Jacques Charles François Sturm's eponymous theorem is chiefly remarkable for its formulation. Proved in 1829, it was considered obscure. It gives an algebraic decision procedure (an algorithm) for determining the number of real roots of a polynomial as well as their locations. As a practical algorithm, it's not too useful (the numbers involved grow very quickly, and high accuracy must be maintained). But as an algorithm for proving roots exist, or for finding bounds on some parameters of a polynomial to get roots, it can be useful.
I assume Sturm intended his theorem as a tool for working on differential equations. Various polynomial characteristics exist for these. knowing whether a real root exists on some interval is important for determining the qualitative behaviour of solutions.

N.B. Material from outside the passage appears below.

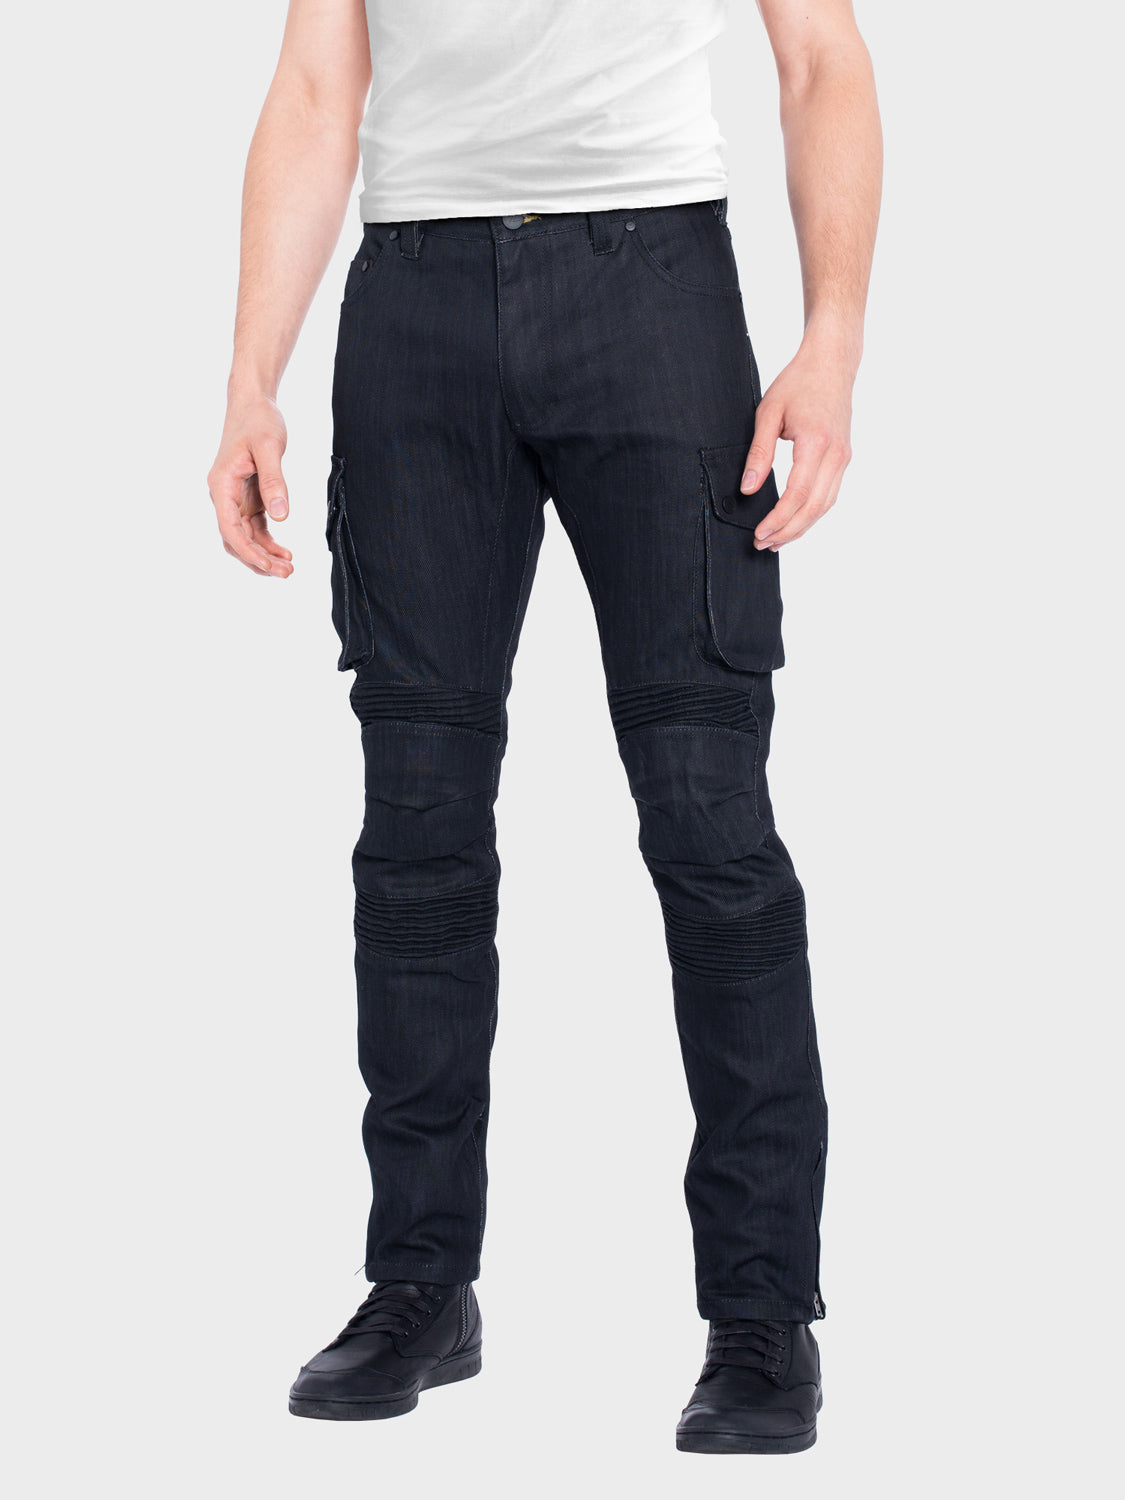 CITY - Abrasion-Resistant Strong Denim Jeans - Black – ZIN Motowear
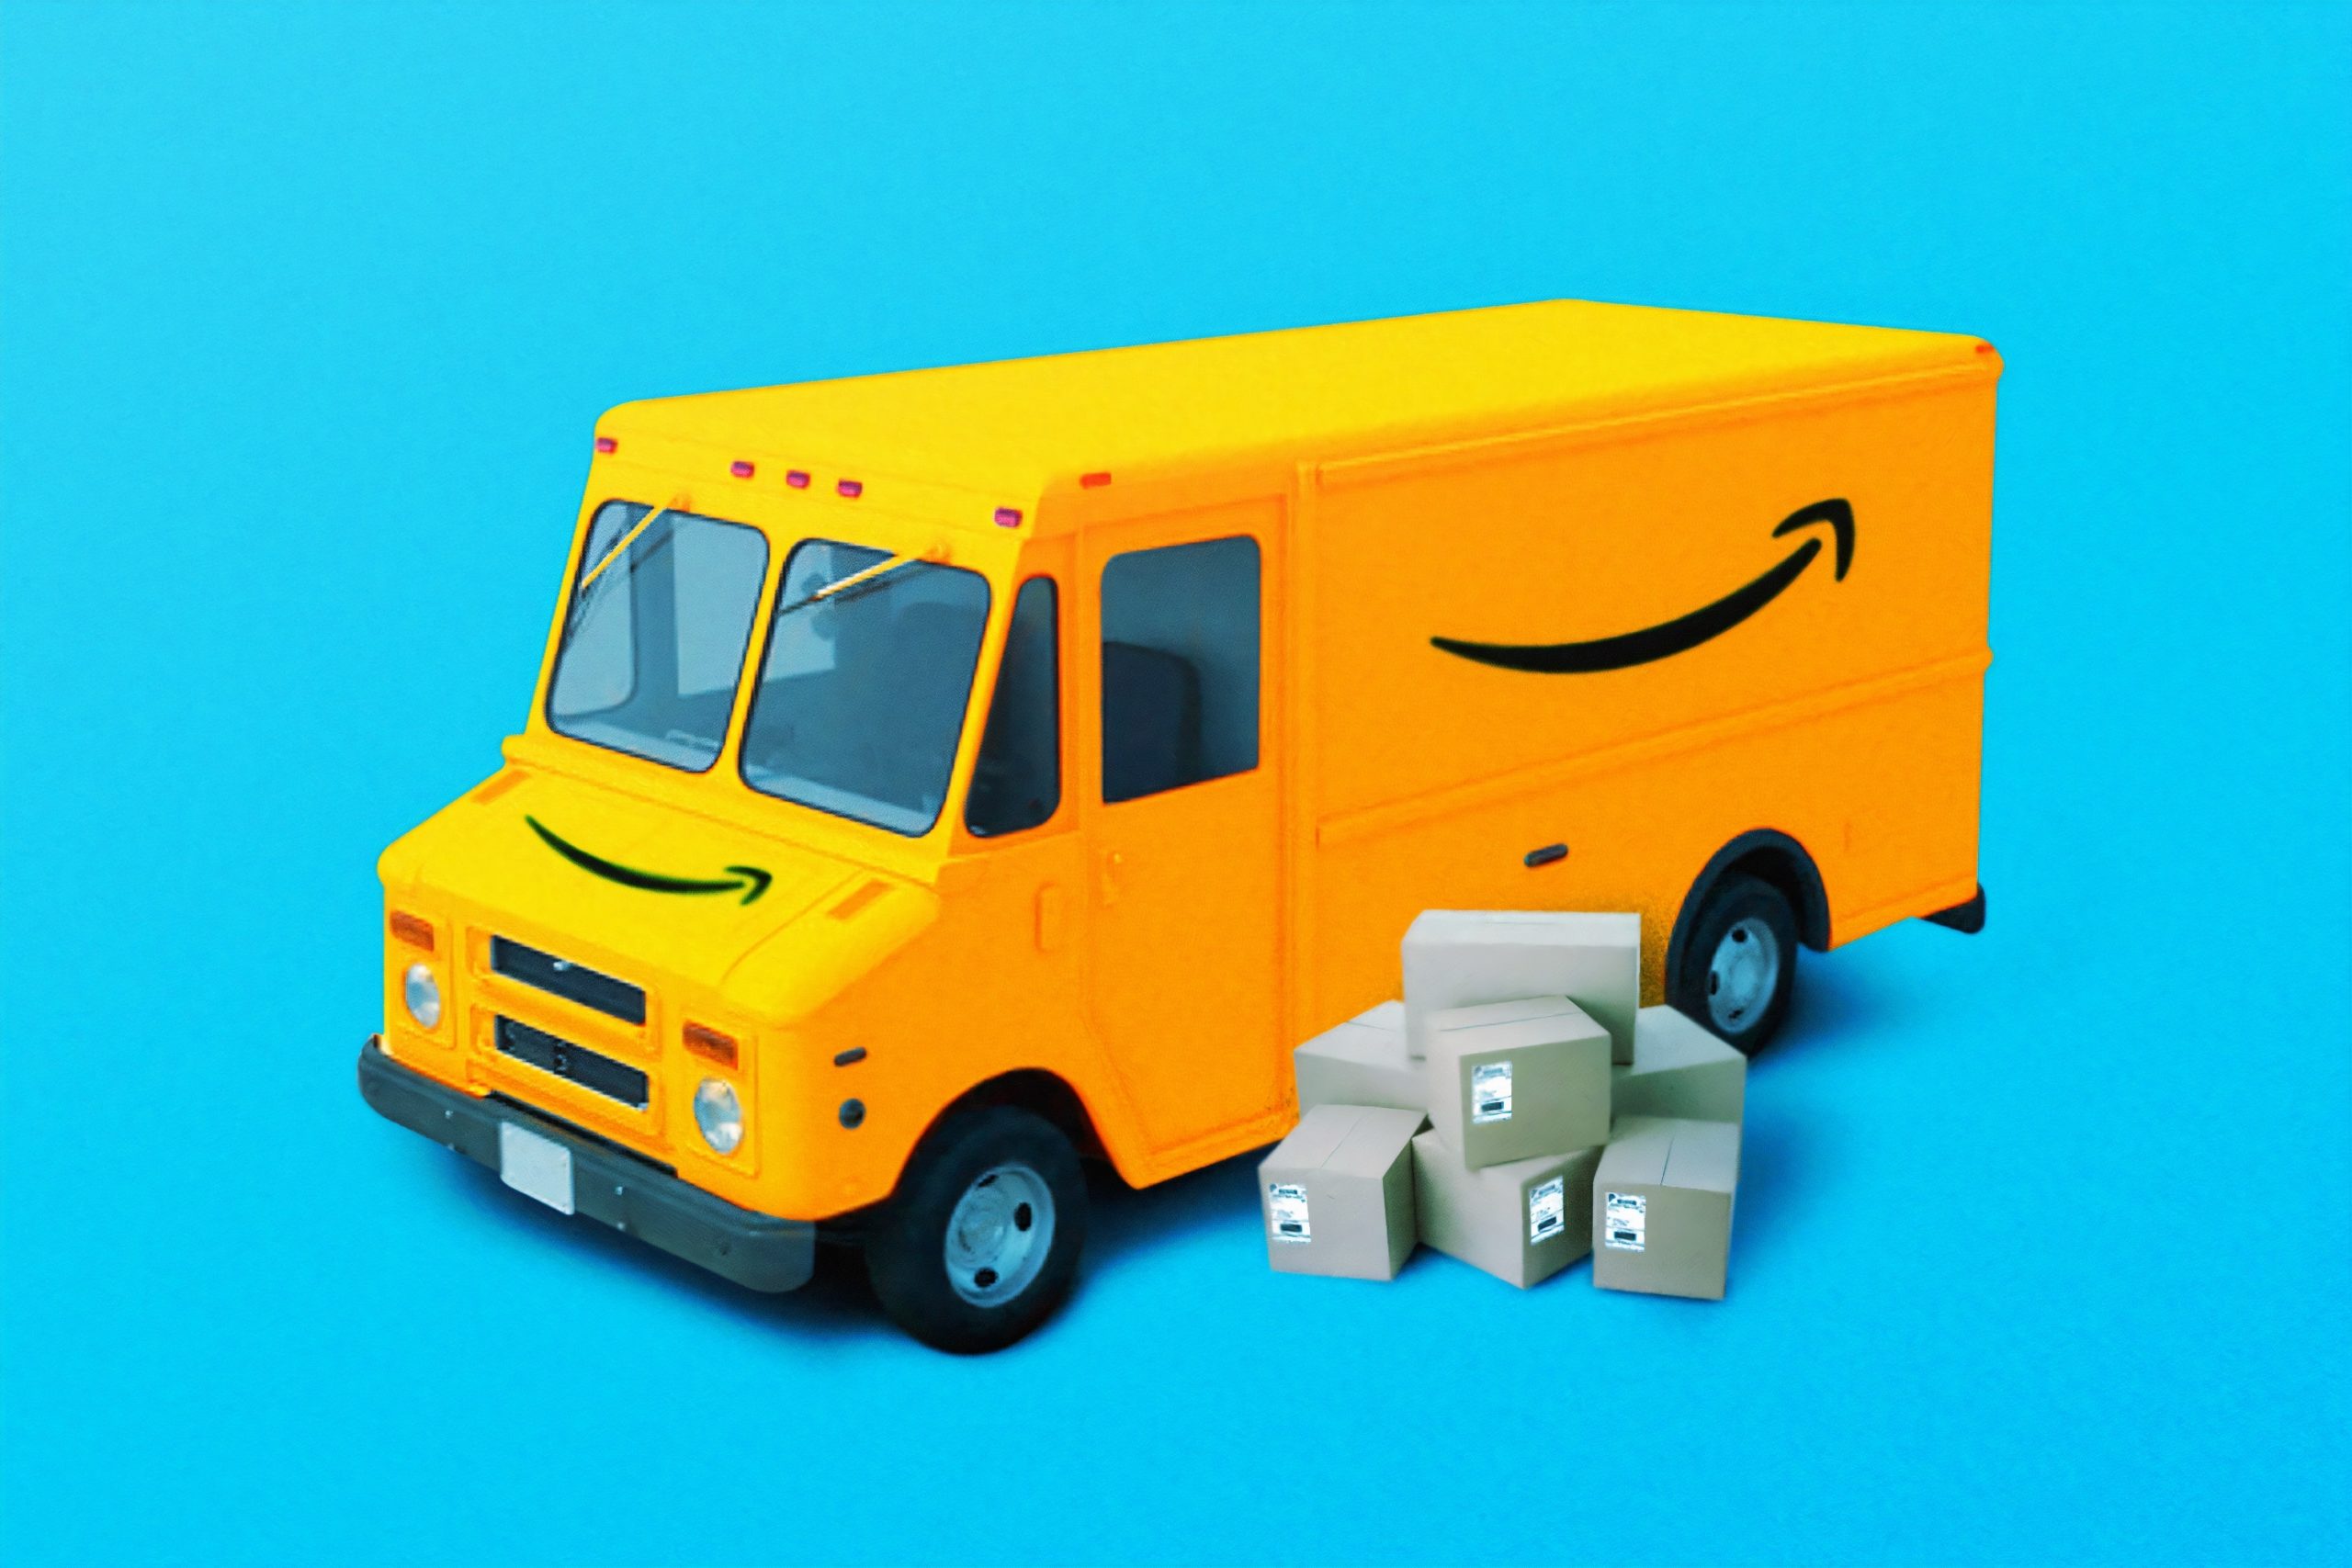 Amazonトラック

But that such an algorithm even exists is decidedly non-trivial. Indeed, over a century later its importance was recognized by Alfred Tarski, who used it as a chief tool in creating a decision procedure for checking propositions in the language of algebra on the real numbers. (This will (I hope) be covered in a later node...)
Definition. Let P(x)∈R[x] be a separable polynomial in one variable x with real coefficients. The Sturm chain of polynomials is the chain of polynomials defined by
- P0(x) = P(x).
- P1(x) = P'(x).
- Pk+1(x) = - (Pk-1(x) % Pk(x)),
- where (borrowing from C and C-like languages...) a(x) % b(x) is the remainder when dividing the polynomial a(x) by b(x) (e.g. by synthetic division).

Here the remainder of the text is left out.